Sermon: Our Loving Parent
November 10th, 2019 Rev. Betsy Perkins
First Baptist Church, Delavan WI
Scripture passage: Hosea 11:1-9
The hymn we just sang was written in 1930, by Rev. Harry Emerson Fosdick, the founding pastor of the well-known Riverside Church in New York City. Riverside Church is an interdenominational church located on the edge of the Harlem neighborhood, and affiliated with our American Baptist Churches. Rev. Fosdick wrote the song for the dedication of that church, but also with world events in mind, in the midst of the Great Depression and between the two World Wars. It was first sung as the processional for the opening service of that church. The words shocked people at the time; that the hymn would call out human shortcomings, our failures and sins. It sings of “warring madness”, of “pride”, “fears and doubts” “our wanton, selfish gladness, rich in things and poor in soul”. All leading to the plea of the last verse for God to “save us from weak resignation to the evils we deplore”. This is a hymn in the prophetic tradition, the tradition of someone like Hosea.
Israel, Rebellious Son
Last week we focused on the prophet Elijah’s challenge to the people of Israel who were running here and there to worship all sorts of gods and powers other than the One Lord God. When Baal, the idol god, was exposed as a sham, and the Lord God demonstrated His true presence and power, the people loudly declared, “The Lord is God! The Lord is God, for real!”
Unfortunately, there was no change in the hearts of the leaders at all or even hearts of the people for very long. When Hosea is called by God to speak to the people of Israel, it is another 120 years later. There have been another dozen kings, in a succession of kings who follow in the footsteps of King Ahab. In fact, one of them even announced that “Ahab served Baal a little; I will serve Baal much more!” (2Ki.10:18)

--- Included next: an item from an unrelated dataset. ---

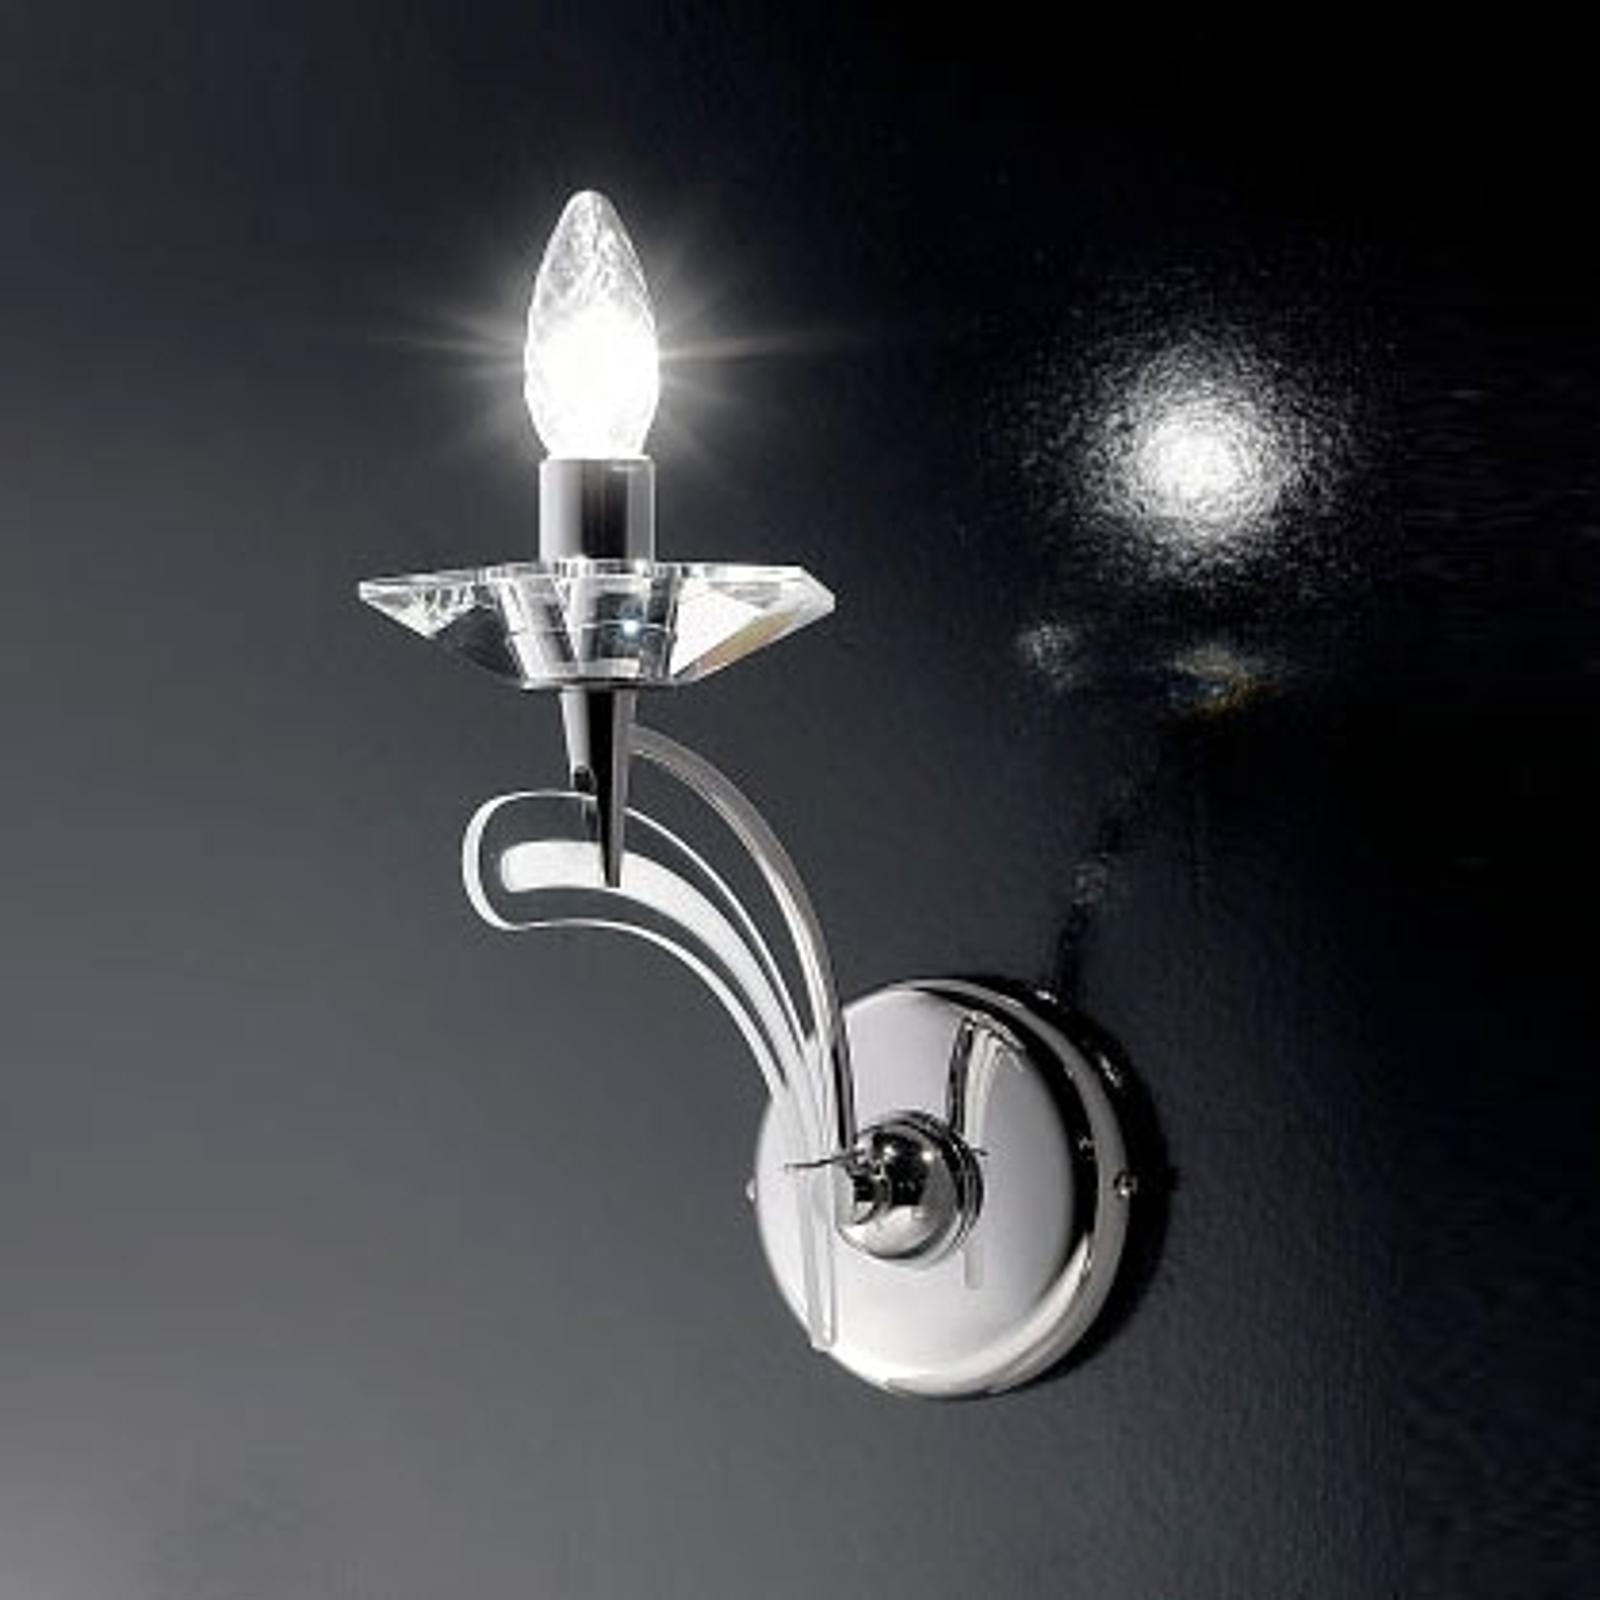 Seinävalaisin ICARO 1 lamppu, kristallilasi, kromi

The people of Israel continue to waver. Hosea describes their love for God to be like the morning mist, like the early dew that quickly evaporates and is gone (6:4). In Hosea 4, their failures are laid out as an indictment against the whole population: No one is faithful, no one shows love, no one knows the first thing about God, there is only cussing and lying and killing, stealing and cheating and adultery. They break all bounds, and bloodshed follows bloodshed. (Hosea 4:1-2) Rather than rely on God, they have relied on their own strength. In fear of their enemies, they have made treaties with other nations and then reneged on those treaties. They make decisions and plans without consulting God in prayer. When they face illness or injuries they pray to idols for healing. Hosea concludes that they have exchanged their glorious God for something disgraceful! (4:7)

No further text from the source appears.